We will append .opf to the document base name to select the output file.

weaving opf +≡
: opf-filename ( -- A )
    doc-base @ atom" .opf" atom+ ;

Weaving the opf file involves changing the focus chunk to the opf file.

weaving opf +≡
weaving opf manifest chapters
weaving opf chapter itemref
: weave-opf
    atom-opf documentation-chunk ! doc!

Emitting the opf header.

weaving opf +≡
.d| <?xml version="1.0" encoding="utf-8"?>
<package xmlns="http://www.idpf.org/2007/opf" version="2.0"
unique-identifier="BookId">
<metadata xmlns:dc="http://purl.org/dc/elements/1.1/"
xmlns:opf="http://www.idpf.org/2007/opf">
|.d

Add in metadata fields about the document in general like: title, isbn, author, subject, date, and description.

weaving opf +≡
    .d{ <dc:title>} title @ doc+=$ .d{ </dc:title>} .dcr
    .d{ <dc:language>en-us</dc:language>} .dcr
    .d{ <meta name="cover" content="My_Cover"/> } .dcr
    .d{ <dc:identifier id="BookId" opf:scheme="ISBN">}
    isbn @ doc+=$ .d{ </dc:identifier>} .dcr
    .d{ <dc:creator>} author @ doc+=$ .d{ </dc:creator>} .dcr
    .d{ <dc:publisher>} author @ doc+=$ .d{ </dc:publisher>} .dcr
    .d{ <dc:subject>} subject @ doc+=$ .d{ </dc:subject>} .dcr
    .d{ <dc:date>} doc-date @ doc+=$ .d{ </dc:date>} .dcr
    .d{ <dc:description>} description @ doc+=$ .d{ </dc:description>} .dcr
.d|
</metadata>

Then add in a table of contents listing all the files in the book, including table of contents and chapters.

weaving opf +≡
<manifest>
   <item id="My_Table_of_Contents" media-type="application/x-dtbncx+xml"
   href="|.d ncx-filename doc+=$ .d| "/>
  <item id="toc" media-type="application/xhtml+xml" href="|.d
    toc-filename doc+=$ .d{ "></item>}
    chapters @ begin dup while
        dup chapter-filename opf-chapter ->next
    repeat drop
    .d{ <item id="My_Cover" media-type="image/gif"} .dcr
    .d{  href="} cover-filename doc+=$ .d{ "/>} .dcr
    .d{ </manifest>}

One entry per chapter.

weaving opf manifest chapters +≡
: opf-chapter ( A -- )
    .d{ <item id="}
    dup doc+=$
    .d{ " media-type="application/xhtml+xml" href="}
    doc+=$
    .d{ "></item>} .dcr
;

Then list each chapter and TOC again for the spine.

weaving opf +≡
    .d{ <spine toc="My_Table_of_Contents"><itemref idref="toc"/>}
    chapters @ begin dup while
        dup chapter-filename opf-chapter' ->next
    repeat drop
   .d{ </spine>}

Each itemref in the spine looks like this.

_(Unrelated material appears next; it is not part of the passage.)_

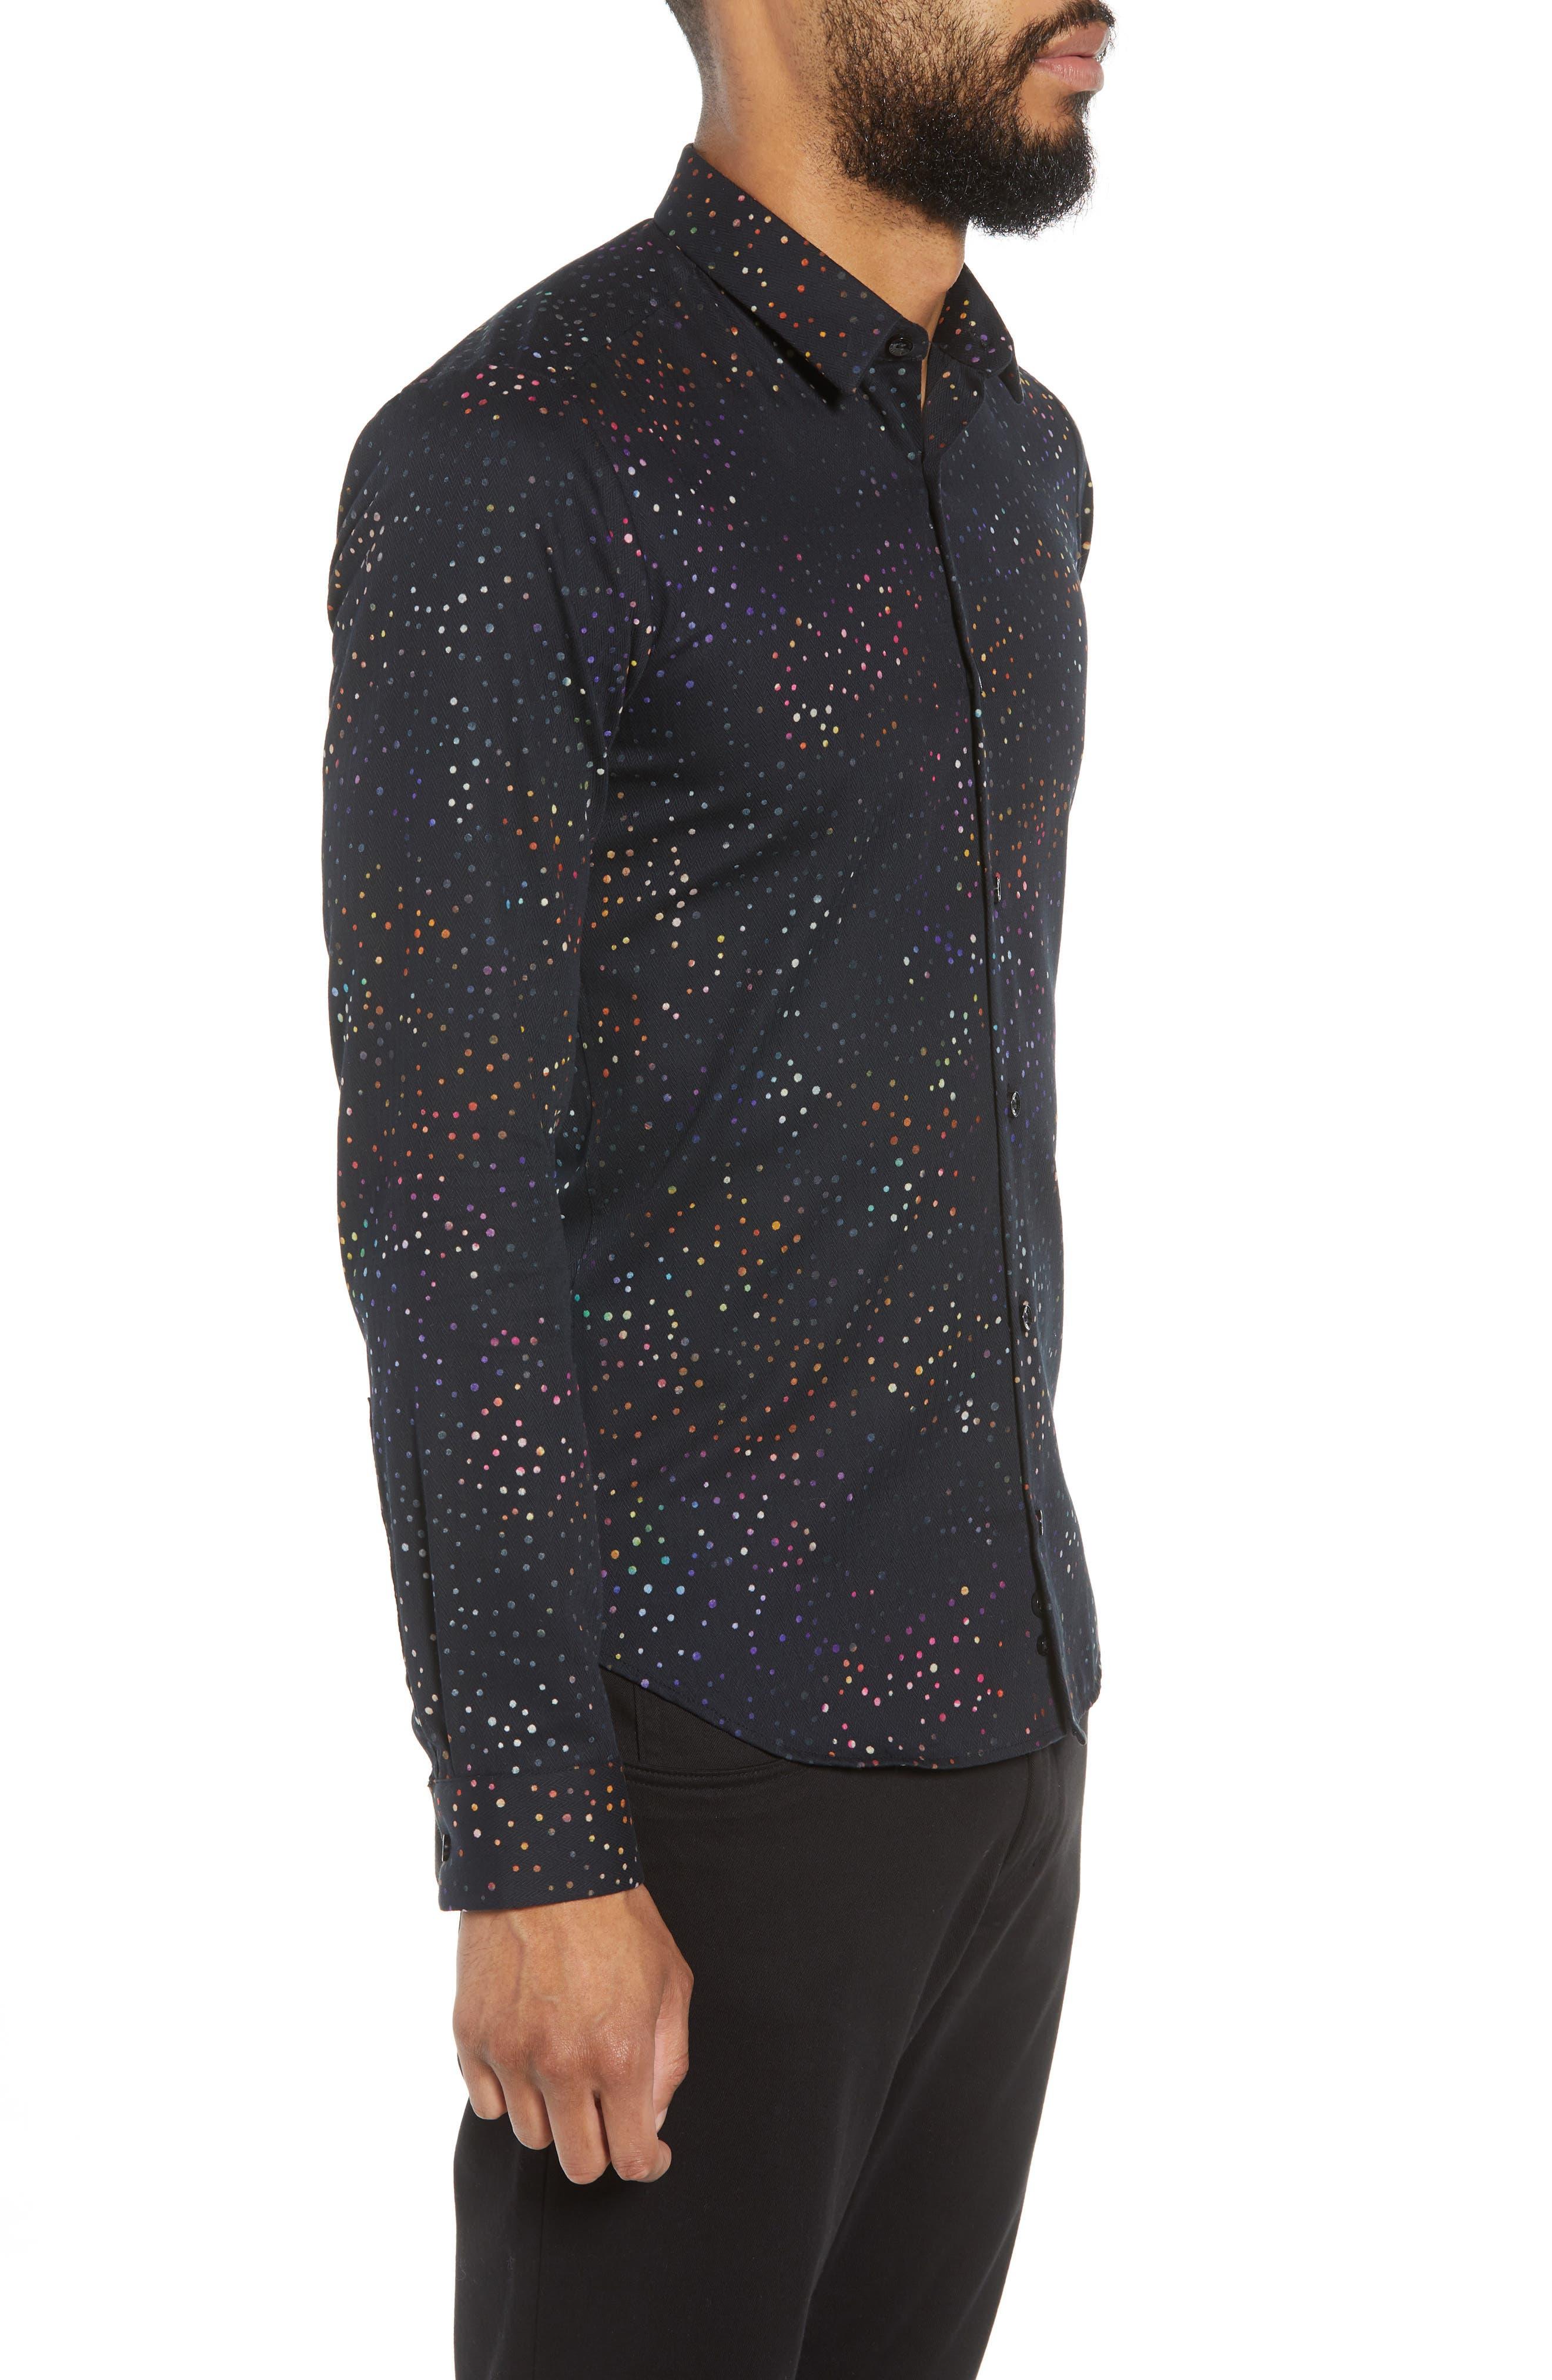 JARED LANG,                             Dot Herringbone Sport Shirt,                             Alternate thumbnail 3, color,                             BLACK MULTI COLORED DOTS

weaving opf chapter itemref +≡
: opf-chapter' ( A -- )
    .d{ <itemref idref="} doc+=$ .d{ "/>} .dcr ;

Finally the guide can just consist of the table of contents.

weaving opf +≡
.d|
<guide>
  <reference type="toc" title="Table of Contents"
   href="|.d toc-filename doc+=$ .d| "></reference>
</guide>
</package>
|.d

Then write out the file.

weaving opf +≡
   documentation means opf-filename file!
;

NCX files

The NCX file relists each chapter to select the navigation points in the document.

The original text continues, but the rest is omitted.